Как же Смерти не хотелось менять форму оружия! Он не умел пользоваться мечом, а коса требовала размаха и больше свободного пространства. Они просто разнесут весь номер к хренам собачьим! Война нападала грубо и прямолинейно. По-другому она просто не умела. Он уворачивался, при каждом движении получая приветы от сломанных ребер. На четвертом или пятом увороте снова заскрежетали кости. К тому же из-за повязки было тяжело дышать. Чума забралась в кресло с ногами, закрыла лицо руками и громко верещала на высокой ноте. Голод просто отодвинулся подальше вместе с креслом, отложив журнал. Распахнулась дверь, рыжий жнец хотел вмешаться в драку, но был послан в два голоса и ретировался, закрыв за собой дверь. Теперь, как минимум, сюда не вломится персонал отеля. Меч Войны свистел у Тода перед лицом. Кажется, она пыталась тупо и безыдейно отрубить ему голову. Он неуклюже отбивался зонтиком с каждым движением теряя самообладание и покрываясь холодным потом от боли и усталости. Ян был прав — он идиот, что сунулся сюда сейчас и в одиночку. Несмотря на кажущуюся хрупкость и неумелость, Война была сильным и выносливым бойцом. И выглядела жутко: растрепанные волосы, вздувшиеся вены на руках и шее, перекошенное яростью лицо, горящие глаза. Хорошо, хоть пена с клыков не капала.

Однако, сила не всегда решает исход битвы. Особенно битвы со Смертью. Очередной удар нашел свою цель. Зонт выпал из онемевшей руки. Тод зашипел, когда меч обрушился на правое плечо, рассекая ключицу, и застрял в кости. А потом схватил Войну за руки, пытавшиеся вырвать лезвие из его плоти, и улыбнулся самой милой из своих улыбок. Презрительное недоумение на лице женщины сменилось ужасом, когда она поняла, что он делает. А он продолжал улыбаться, вытягивая из нее жизненную силу. Кожа Войны покрывалась морщинами, волосы седели, тело увядало. Вскоре ее руки ослабли и меч выпал из мгновенно затянувшейся раны на плече — остался только свежий рубец на коже и окровавленный разрез на одежде. Ребра тоже срослись. Тод отпустил постаревшую лет на пятьдесят женщину и та обессилено рухнула на колени. Посмотрела на свои руки и жалобно, отчаянно завыла. Похоже, она поняла, что произошло.
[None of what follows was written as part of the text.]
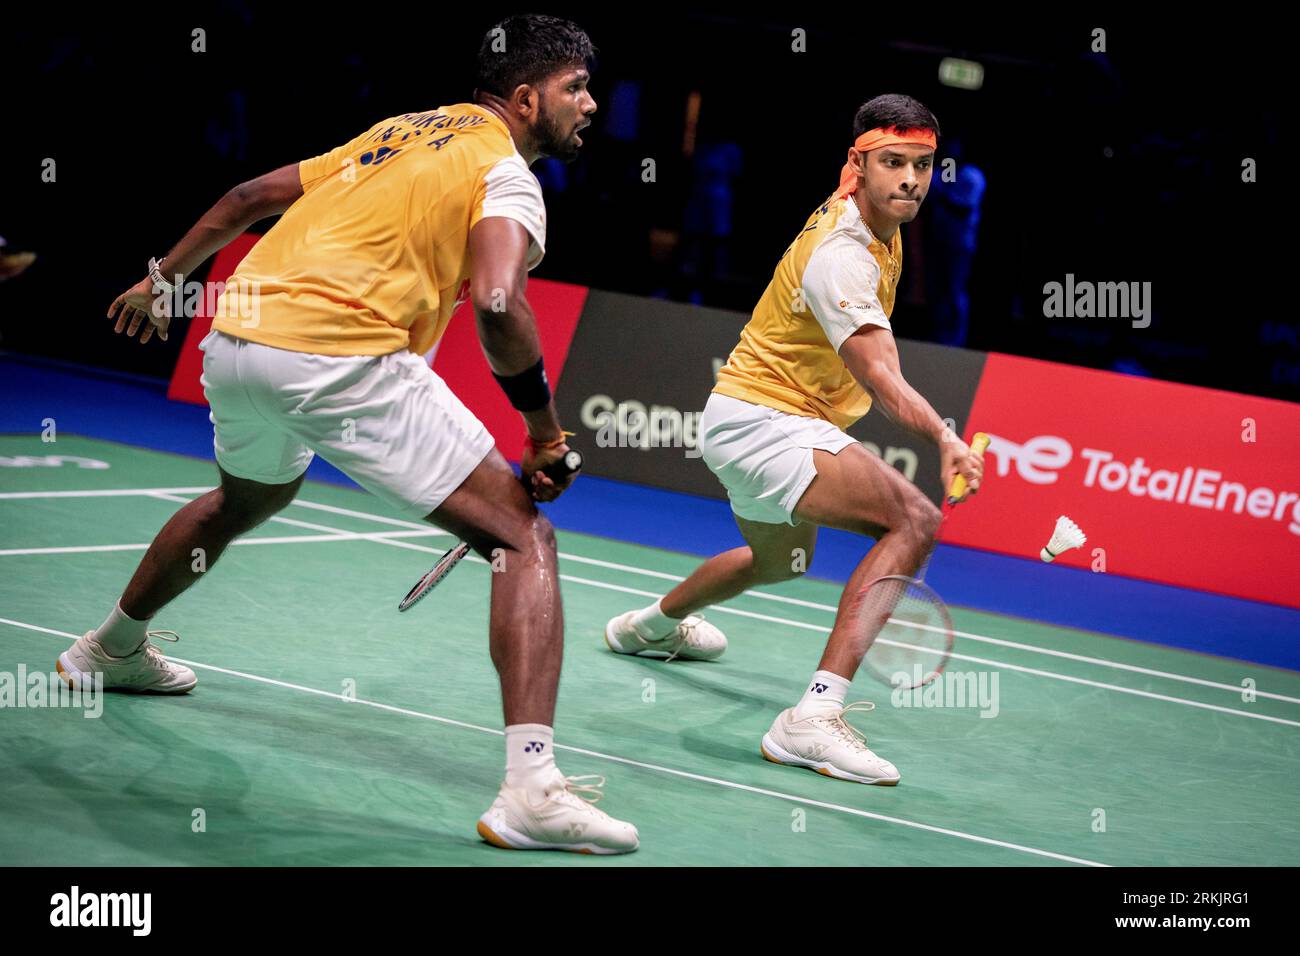 Satwiksairaj Rankireddy and Chirag Shetty of India during their quarter final mens double match against Kim Astrup and Anders Skaarup Rasmussen of Denmark at the BWF World Championship in Royal Arena in

Жуткая, бесчеловечная способность отнимать чужую жизнь, чтобы подлечить себя. Способность, которой он никогда до этого не пользовался и считал, что никогда не воспользуется. Ему стало противно, захотелось срочно помыться или хотя бы вымыть руки. Вместо этого жнец аккуратно поднял меч и положил его в пустое кресло. Пошевелил правой рукой, проверяя работоспособность плечевого сустава и мышц, поднял с пола зонт.
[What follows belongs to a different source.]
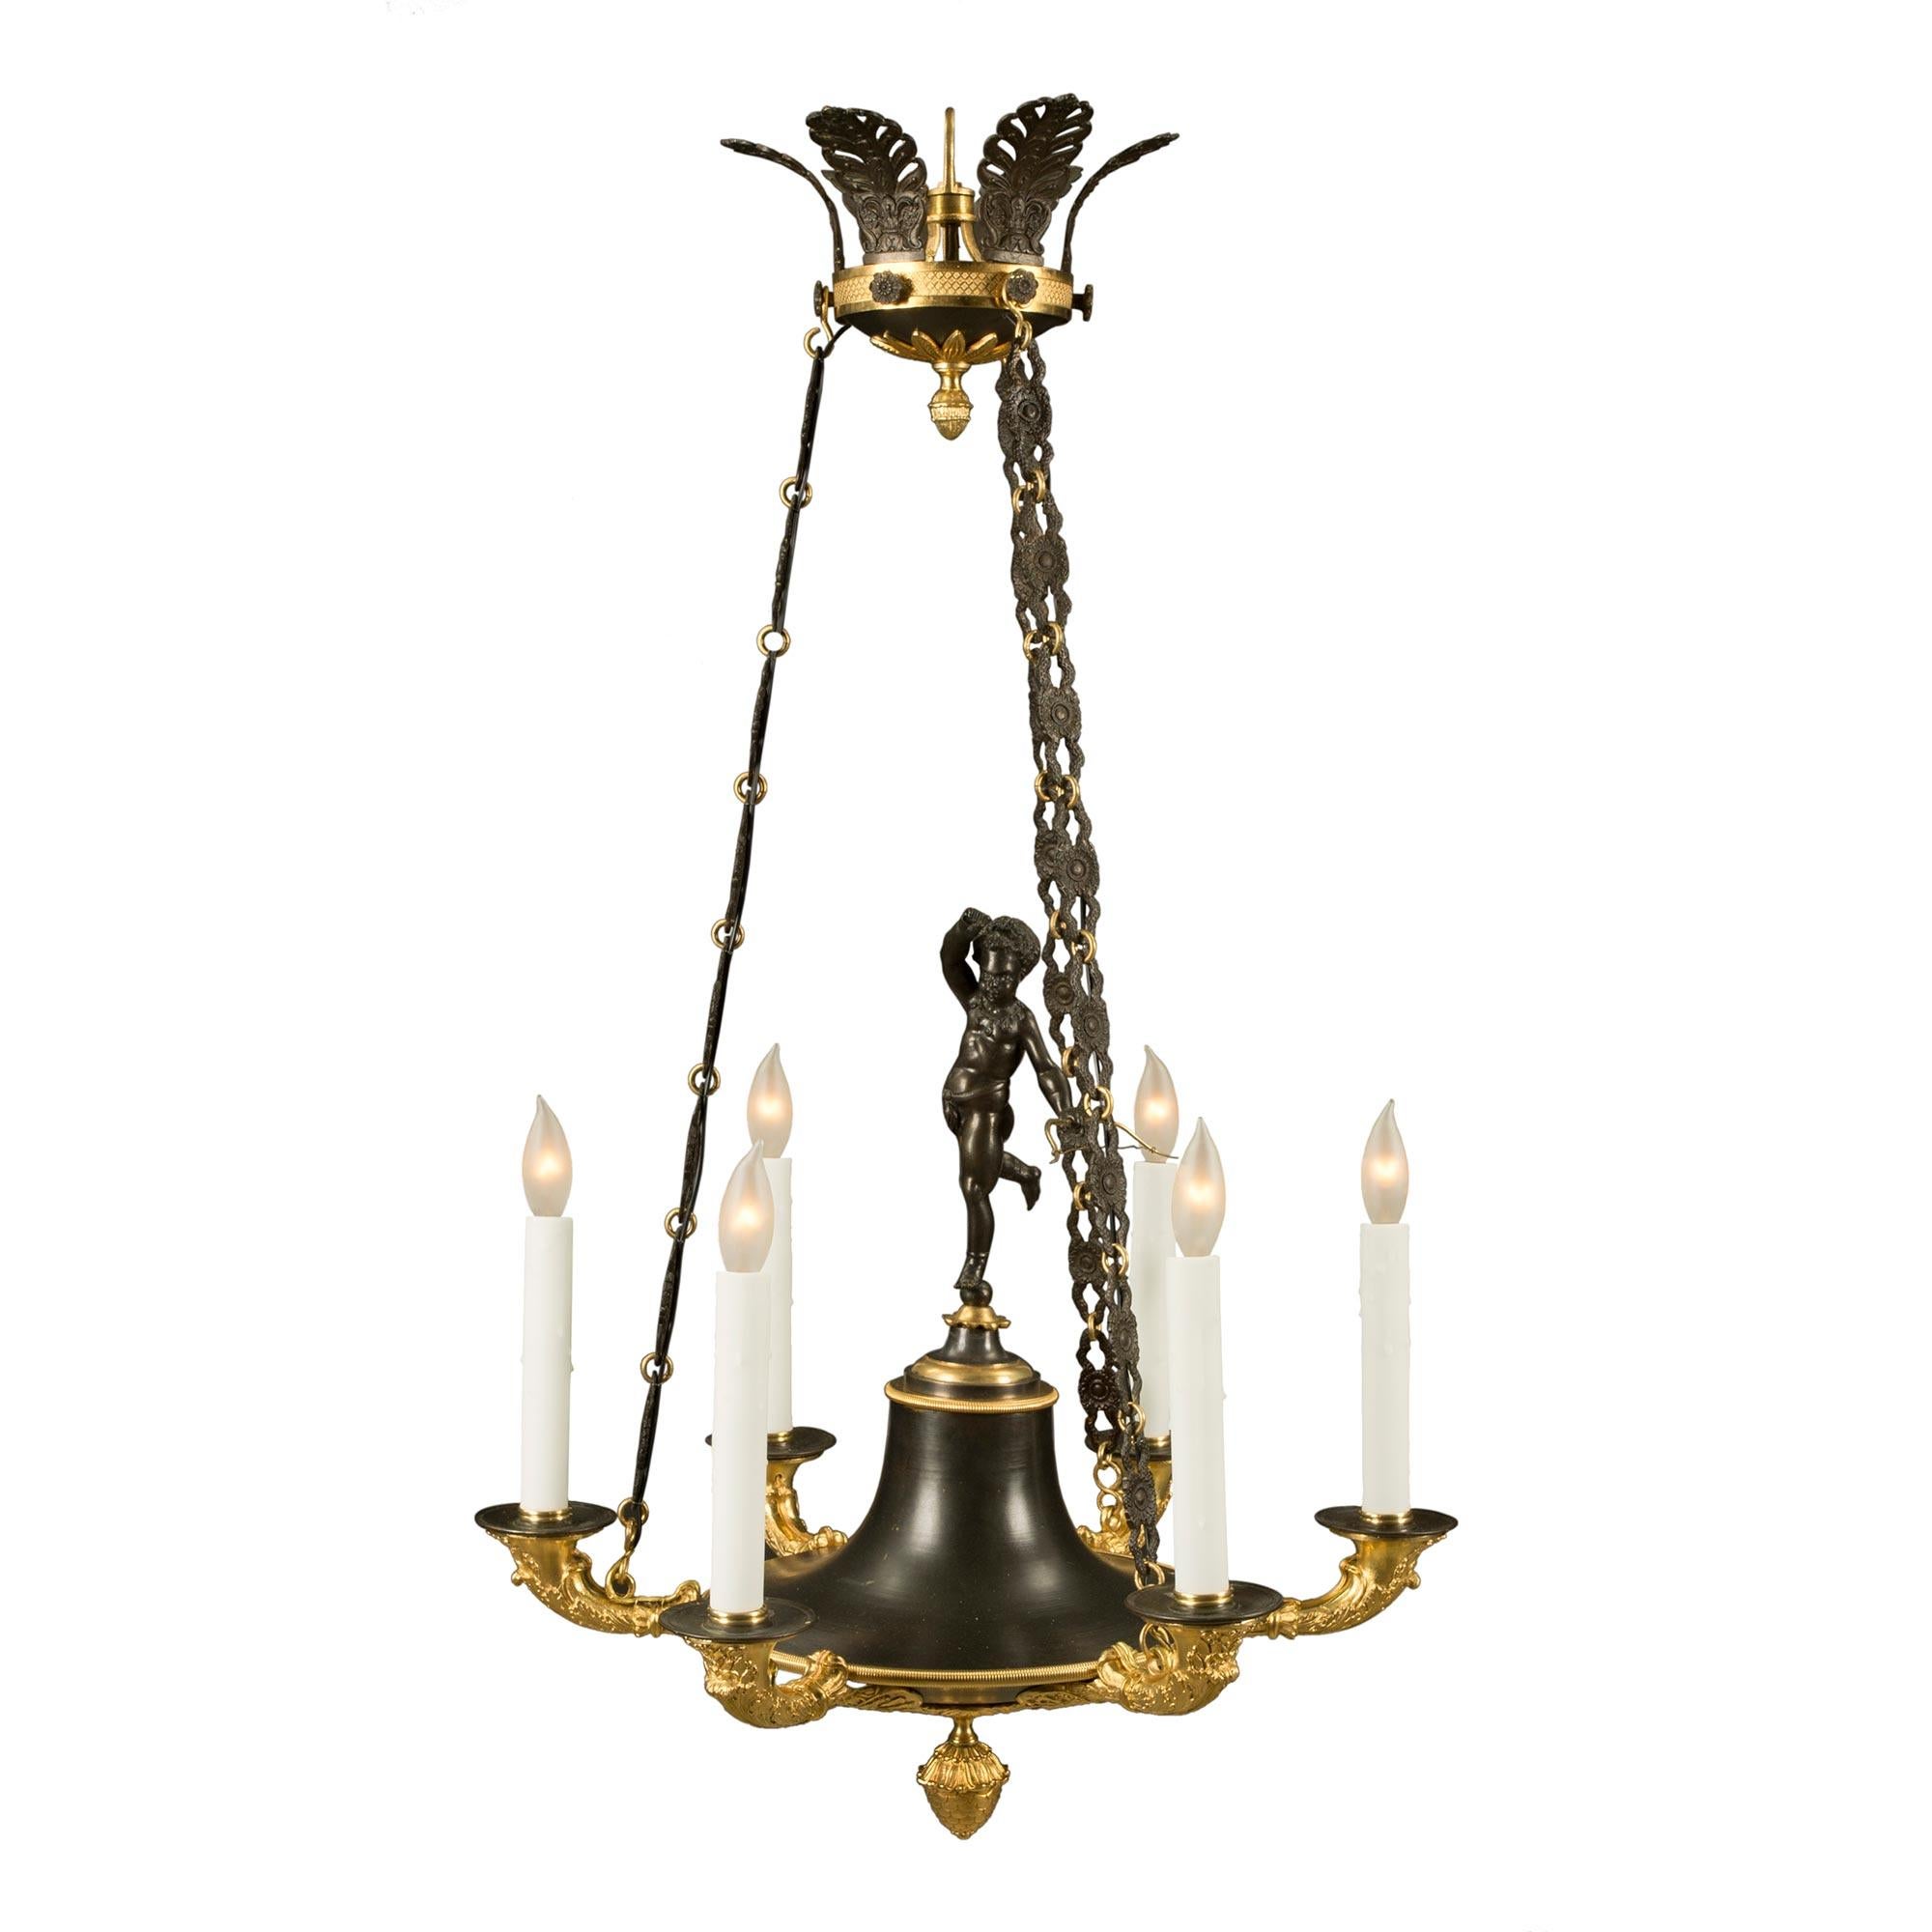 Patinated French 19th Century Neoclassical Style Bronze and Ormolu Chandelier For Sale

— Еще желающие есть? — спросил Тод, в упор глядя на переставшую скулить Чуму. Ответом была тишина, нарушаемая только тихими всхлипами Войны. — Видимо, нет. Где мои вещи? Отдавайте и выметайтесь из Города. А мне пора домой, меня семья ждет.

— Посмотри в шкафу у двери, — глубоким басом прогудел Голод, возвращаясь к чтению журнала. Жнец благодарно кивнул в ответ.
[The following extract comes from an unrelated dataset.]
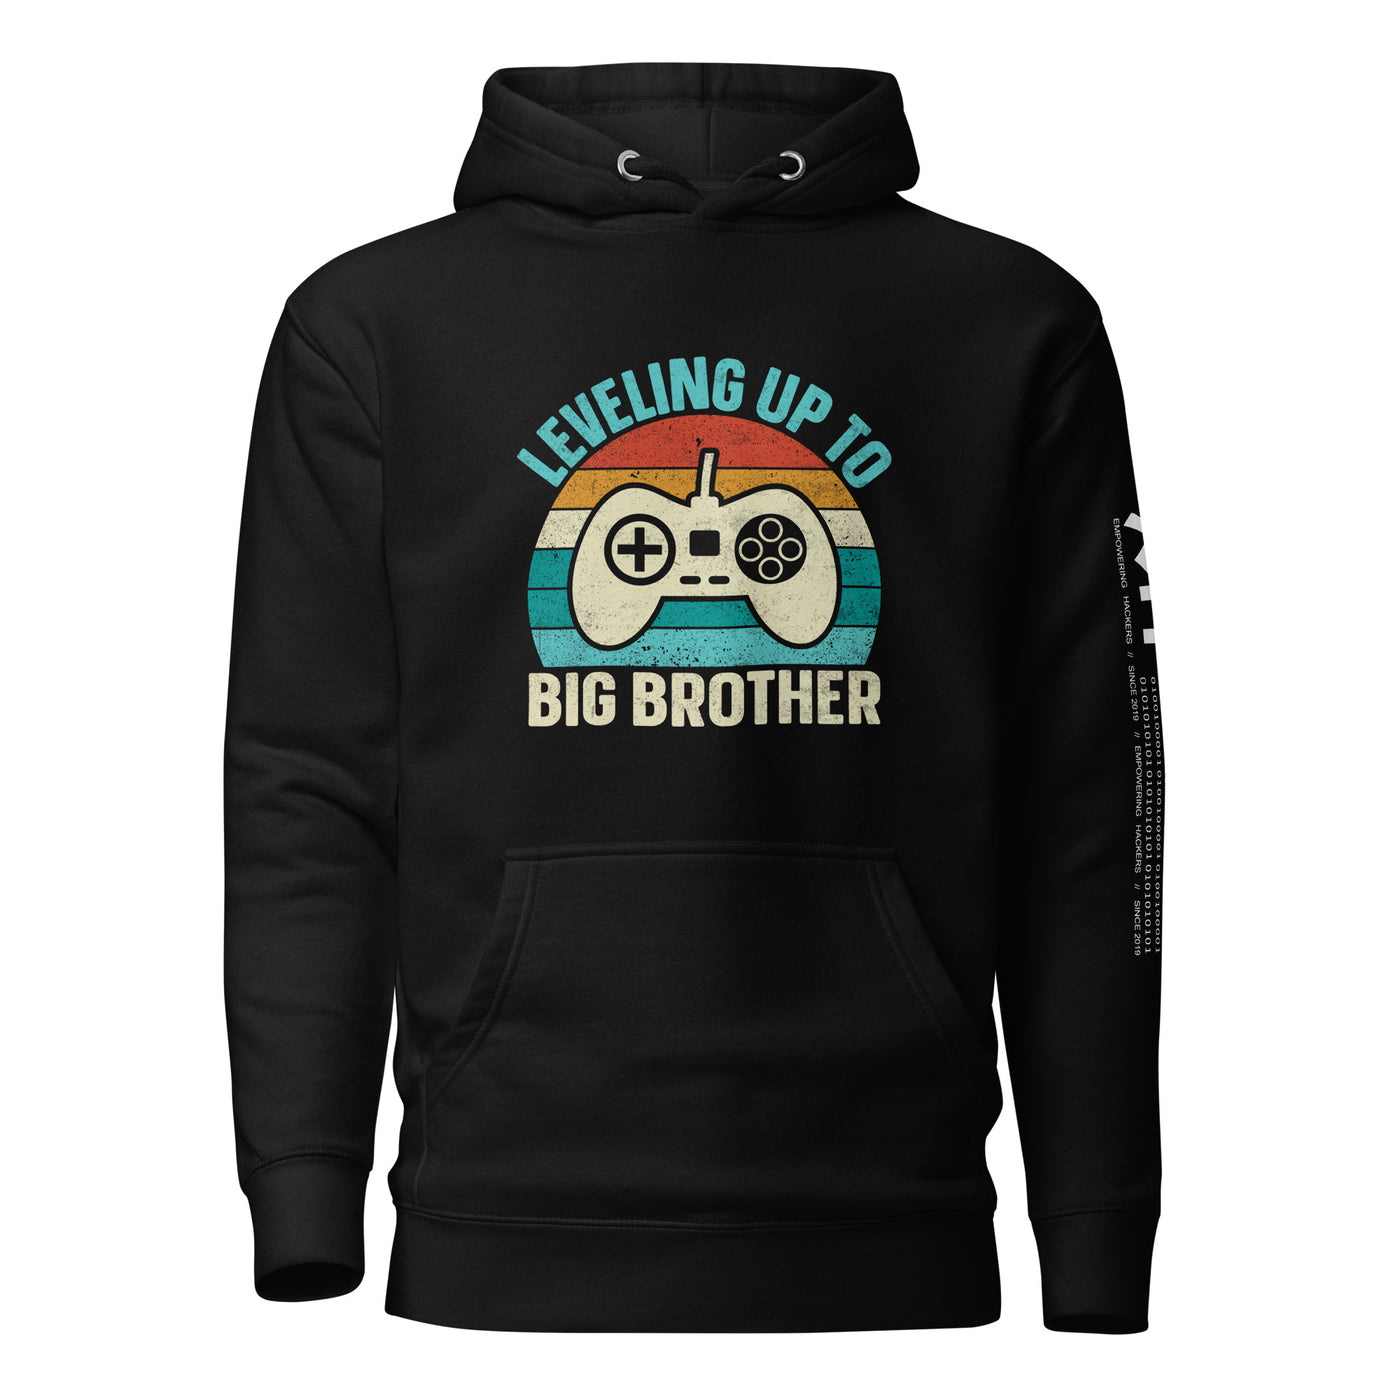 Levelling up to Big Brother V2 - Unisex Hoodie

Окровавленную мантию с дыркой от клинка он оставил на полу номера. Надел куртку, застегнул поверх перевязь для зонта, взял в руку шлем и вышел в коридор. Рыжий караулил под дверью. Смерил его негодующе-трусливым взглядом и поспешил проведать госпожу. Тод успел выйти из отеля и дойти до припаркованного байка, когда рыжий его нагнал.

— Да как ты посмел сотворить с ней такое! — голос низкорослого диктатора сорвался на визгливый крик. — Я убью тебя, мразь!

— Попробуй, — с тяжелым вздохом ответил Смерть, поворачиваясь к рыжему лицом.

Личный жнец Войны стоял шагах в пяти, целясь в него из револьвера. Каждый из них сам выбирал форму своей косы и рыжему нравился огнестрел. Он предпочитал «снимать» клиентов издалека, желательно со спины. Жнец взвел курок, но палец на спусковом крючке нервно дрожал, будто ему не хватало сил для нажатия. Рыжий побагровел от натуги, поддержал оружие второй рукой, тихо и грязно выругался, но крючок не двинулся с места.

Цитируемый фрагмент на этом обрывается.